Vehicle Routing with PostGIS and Overture Data

Avatar for Paul Ramsey

Paul Ramsey

14 min read

The Overture Maps collection of data is enormous, encompassing over 300 million transportation segments, 2.3 billion building footprints, 53 million points of interest, and a rich collection of cartographic features as well. It is a consistent global data set, but it is intimidatingly large -- what can a person do with such a thing?

Building cartographic products is the obvious thing, but what about the less obvious. With an analytical engine like PostgreSQL and Crunchy Bridge for Analytics, what is possible? Well turns out, a lot of things.

Crunchy Data recently joined the Overture Maps Foundation as a continuation of support for open spatial data management and mapping. We are excited about building on what is possible bringing the power of Postgres to Overture open map data.

Routing with Overture

Back to thinking about what can Overture and Postgres/PostGIS do together. How about vehicle routing?

Not global routing, but something more tractable, and perhaps more useful (how many people have global routing problems?) such as local routing. In this walk-through we will:

  • extract enough Overture transportation data to perform useful local routing;
  • condition that data to be usable by the pgRouting engine; and,
  • actually run some routing queries.

Database Setup

For this example, we will be using the new Geospatial features of Crunchy Bridge for Analytics.

When creating a new cluster, click the drop-down option and select an "Analytics Cluster".

Log in to your cluster as postgres and enable the spatial analytics extension:

SET pgaudit.log TO 'none';

-- create the spatial analytics extension and postgis:
CREATE EXTENSION crunchy_spatial_analytics CASCADE;

-- to re-enable audit logging in the current session
RESET pgaudit.log;

Then enable the pgrouting extension.

CREATE EXTENSION pgrouting;

The database is ready to go!

Data Import

One of the things that makes the Overture data sets so enticing is the way they are hosted: in GeoParquet format on S3 and Azure object storage.

This alone would not be a big deal, but since spring 2024 the Overture data is spatially sorted. That means it is possible for a client with GeoParquet support to pull out a spatial subset of the data without having to scan the whole collection. We can get the 20 thousand features we want, without having to read through the whole 300 million feature collection.

The trickiest part of the data access is figuring out the URL to pull the Overture data from. The data are released approximately monthly, and each theme consists of multiple parquet files. For our purposes though, we can use the * character in the URL and the analytics code treats the collection of files as a single data set.

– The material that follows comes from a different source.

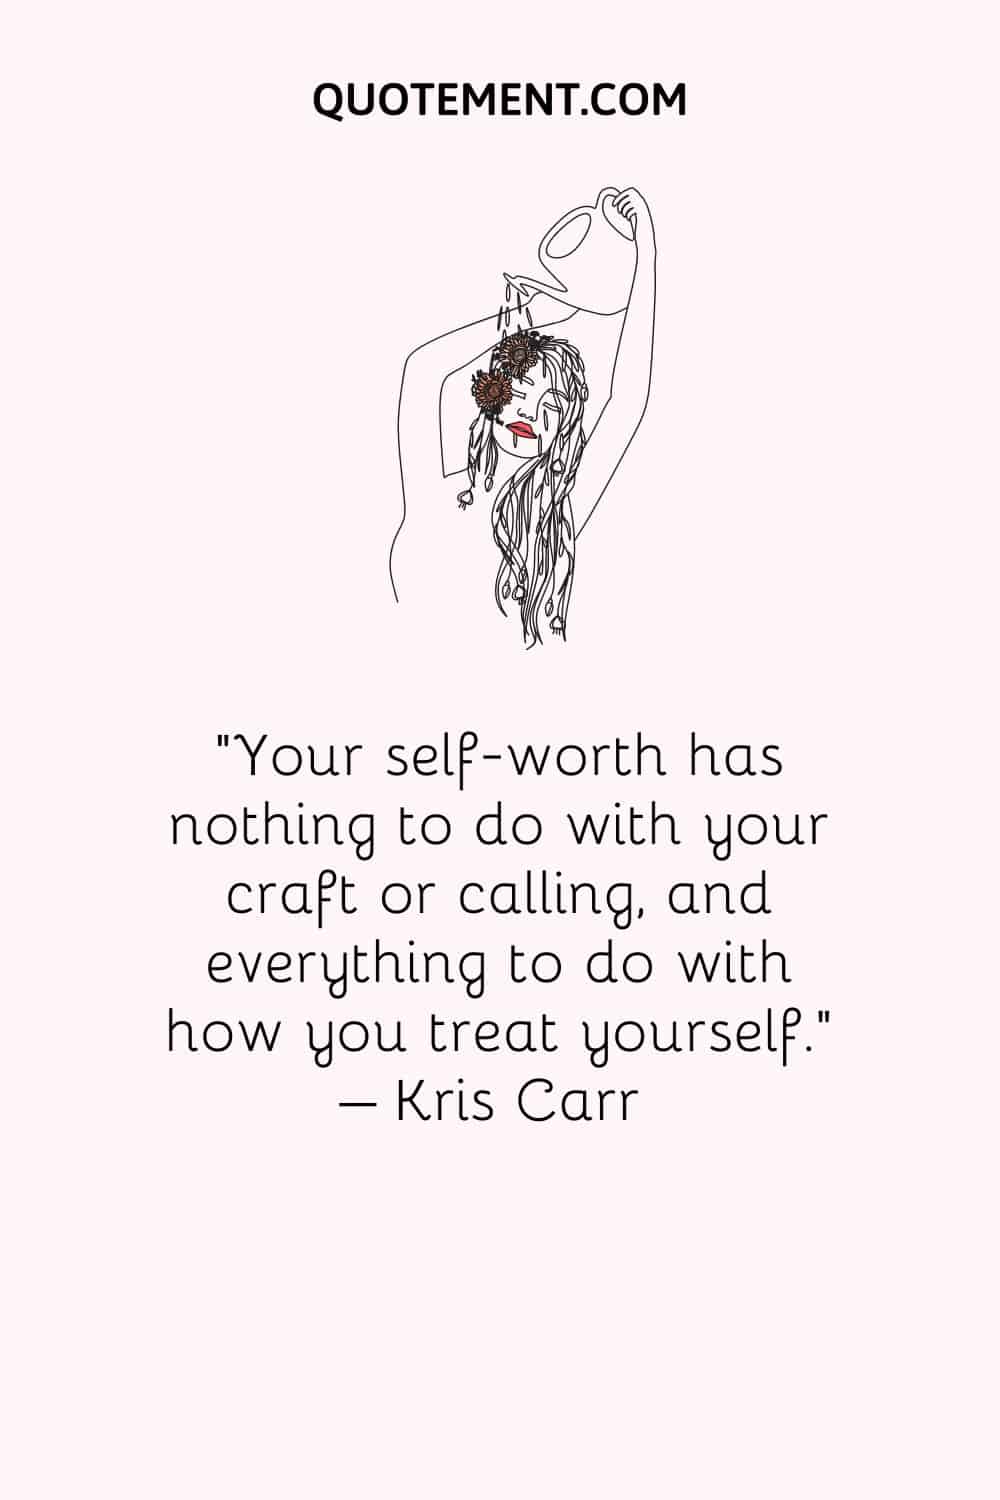 Your self-worth has nothing to do with your craft or calling, and everything to do with how you treat yourself

CREATE FOREIGN TABLE ov_segments ()
    SERVER crunchy_lake_analytics
    OPTIONS (path 's3://overturemaps-us-west-2/release/2024-08-20.0/theme=transportation/type=segment/*.parquet');

This SQL does not initiate a download, it creates a "foreign table", similar to a view, but in which the data is not stored locally on the database server. In this case, of course, the data resides on S3, and nothing has been downloaded yet.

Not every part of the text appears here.